Technically, each system is different, but what most projects have in common (or should be prepared for) is a so called world-readiness (as Microsoft calls it), that means all text parts in your software are variables that can pull the corresponding text in the desired locale, for example from a text file (resource file). There is a separation of interface, visuals and content, and the content is available in various language files for example. If you plan cross-platform roll-outs, lingohub can display the same content in various formats, just a click away – because multilingualism is one aspect of two that should complement each other: a cross-platform strategy. More on that in a future blog post.

How to avoid duplicate content SEO punishment with hreflang

When you intend to reach an international audience with your web presence, there are basically two ways to go about the task. One is to do a 1:1 translation of all your content into other languages. It is the seemingly less exhaustive process and makes sense only if the same content applies to all markets more or less without strong modifications. That could be the case for instructional content, for example. The other is to do an actual adaptation of your product content for each individual target language market individually, which requires a bit more work, and a native language writing staff to create the unique content. The advantage is, that the second option is an actual localization, with content directly relevant to individual markets, their unique requirements and nuances, written by people who are familiar with what matters to your customers and their culture.

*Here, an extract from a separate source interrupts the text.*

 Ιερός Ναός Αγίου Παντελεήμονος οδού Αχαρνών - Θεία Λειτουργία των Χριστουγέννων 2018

Google hreflang webmaster tools screenshotThe first optio,n even though it creates clear comparability of your content offering, however creates an SEO dilemma: some search engines will then classify your different language sites as duplicates. According to a recent article in “Website Boosting”, one way to counteract this, is to use the hreflang attribute as suggested by Google. That way, your (for example) product.com, product.es and product.co.jp websites will no longer be treated as three duplicate sites competing with each other in search ranking, but one in different locales (working as landing pages) depending on who accesses it. Search engines will be informed about connected content and users can be pointed to a specific site depending on their browser’s language settings. In that example, they also advise country top level domains as they signal a language preference to the customer. It is recommended however, to take such steps carefully and consult with experts on how to ensure that  your website is out of risk with all common search engines.

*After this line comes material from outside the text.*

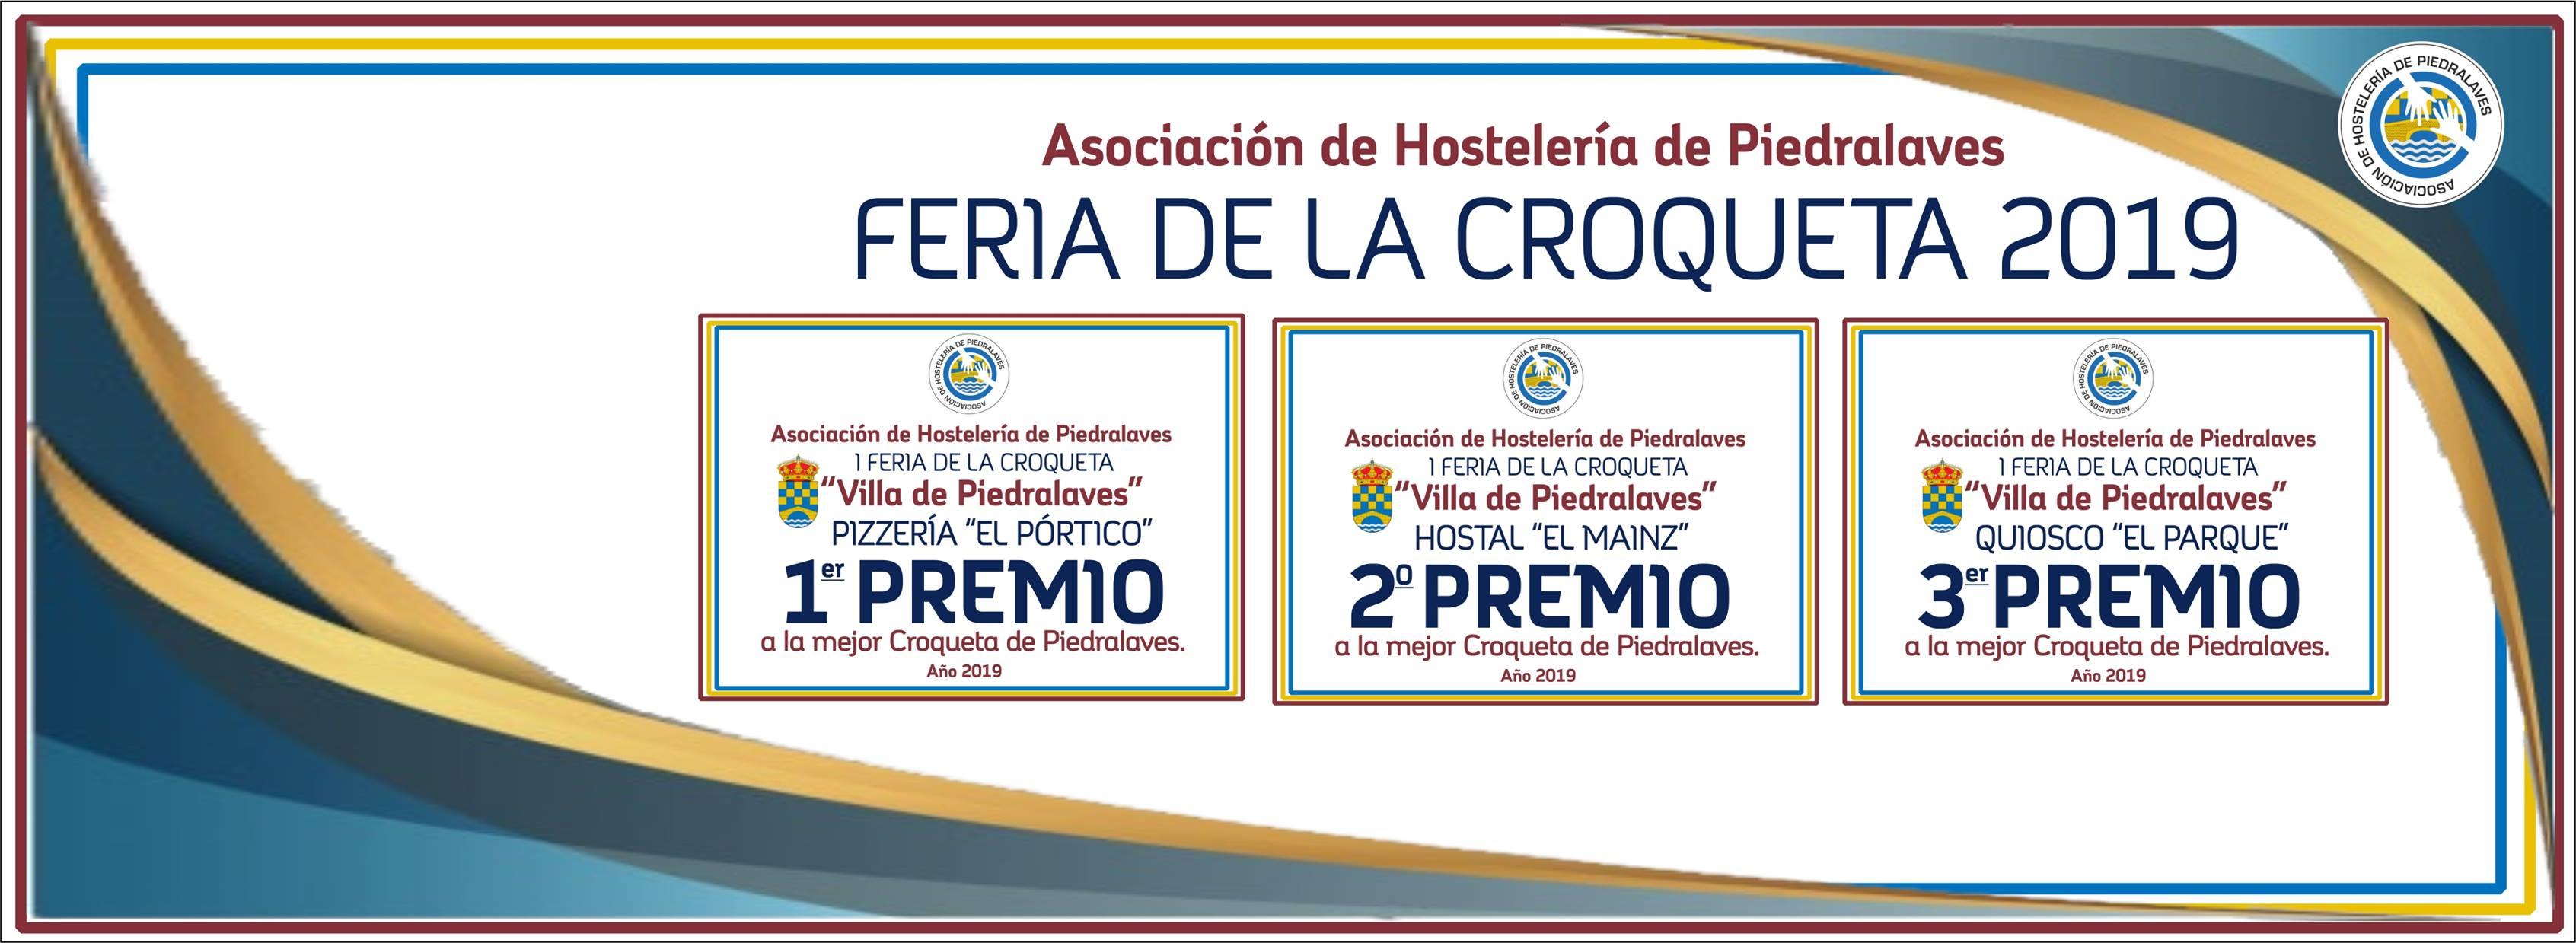 Ganadores I Feria de la Croqueta en Piedralaves - TiétarTeVe

The hreflang attribute (examples below) signal different locale versions of similar content URLs to the search engine, and are recommended also (aside from full 1:1 translations of your content) in case there are minimal differences between internationalized content pages, or if you have a case where your site is partially localized and you want to smooth out the experience for the user as much as possible. Using the attribute becomes especially relevant if you have multiple sites in the same language, but in different markets (serving .co.uk, .com.au and .au for example), or if you’re working with Google’s canonical attribute in combination with hreflang. Here’s an example of applying the hrefllang attribute to signal two versions of your website for the Canadian market, one in French and one in English:

<link rel=”alternate” hreflang=”en-ca” href=”http://en.yoursite.ca” /><link rel=”alternate” hreflang=”fr-ca” href=”http://fr.yoursite.ca” />

When it comes to multilingual content, many shy away from going the extra mile in providing your customers with an authentic native language interaction. We argue that you should definitely prefer approaching customers in their language over assuming they speak enough English to use your product. In order to get there, a quick analysis of your product development process will reveal whether the localization segment of the product cycle can be smoothed out from a technical, financial or managerial angle. Usually, rolling out in more languages is less of a headache than it has to be. Watching out for technical set-ups of your website or app can save some additional trouble on the way to going global.